These conditions enabled synthesis of a broad scope of indolines. The model product 3b was isolated in 84% yield. Using a substrate bearing a larger cyclohexene ring, 4 was produced in 89% yield. More substituted alkenes can also be utilized. These include both trisubstituted alkenes (10-12), tetrasubstitutedalkenes (13), and those bearing a range of groups, including alkyl, aryl, ester, and nitrile (5-8). Many of these examples provide indolines bearing fully substituted C2 carbons adjacent to nitrogen.[20] As mentioned, this is a motif that appears widely in bioactive natural products but is often challenging to prepare (Figure 1).[1a] Benzylic substitution is also well tolerated. With stereogenic benzylic substitution, good levels of diastereoselectivity are observed (9); with benzylic ketones, pseudoindoxyls arise (including those bearing fully substituted carbon centers, 11-13). These oxidized heterocycles appear in many natural products, but typically must be prepared by the oxidative rearrangement of indoles.[21] It is also notable that these cyclizations proceed via 5-exo cyclization onto an electron-deficient alkene opposite to its inherent electronic bias.

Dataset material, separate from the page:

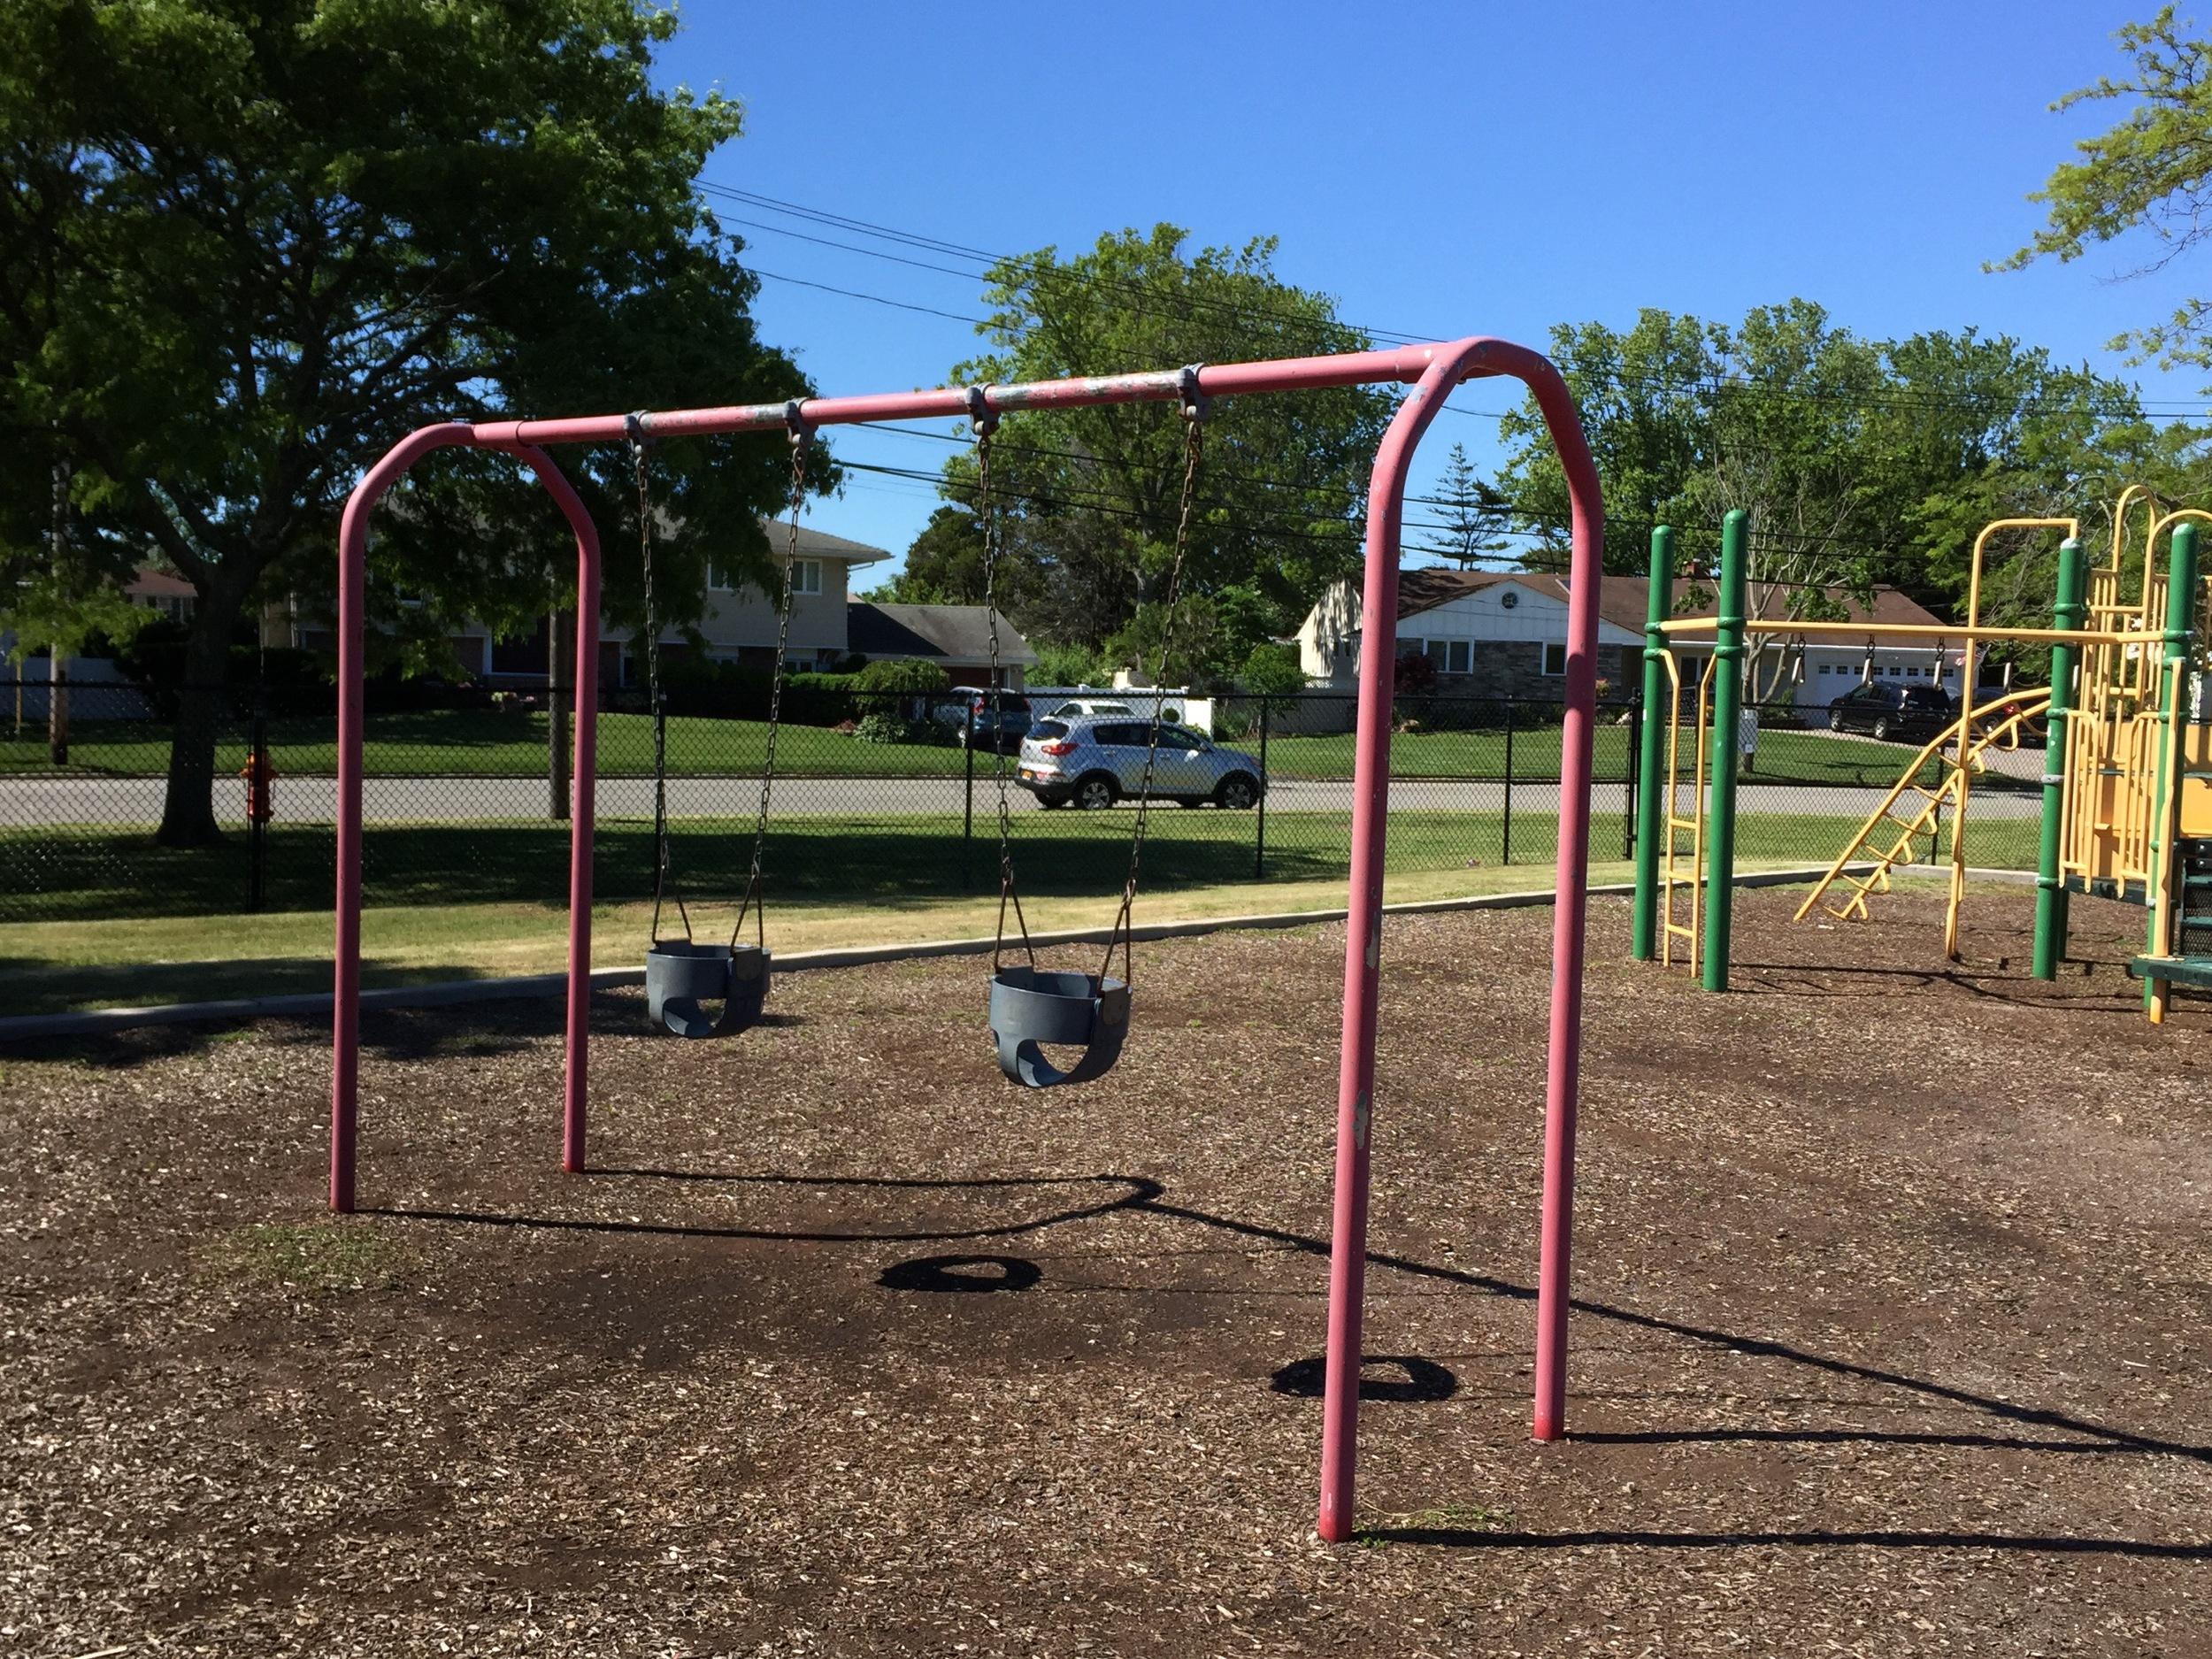 Swings at Sunset Park

A range of functional groups are compatible with this cyclization, including ethers (16, 19, 22), carbonyls (7, 11–13, 20), nitrile (8), aryl chloride (17), and various appended heterocycles (19–22). Unfortunately, aryl bromide is not tolerated (18). N-hydroxy aniline bearing an allylic ether can also cyclize under these conditions, resulting in the fused vinyl ether 19 on gram scale.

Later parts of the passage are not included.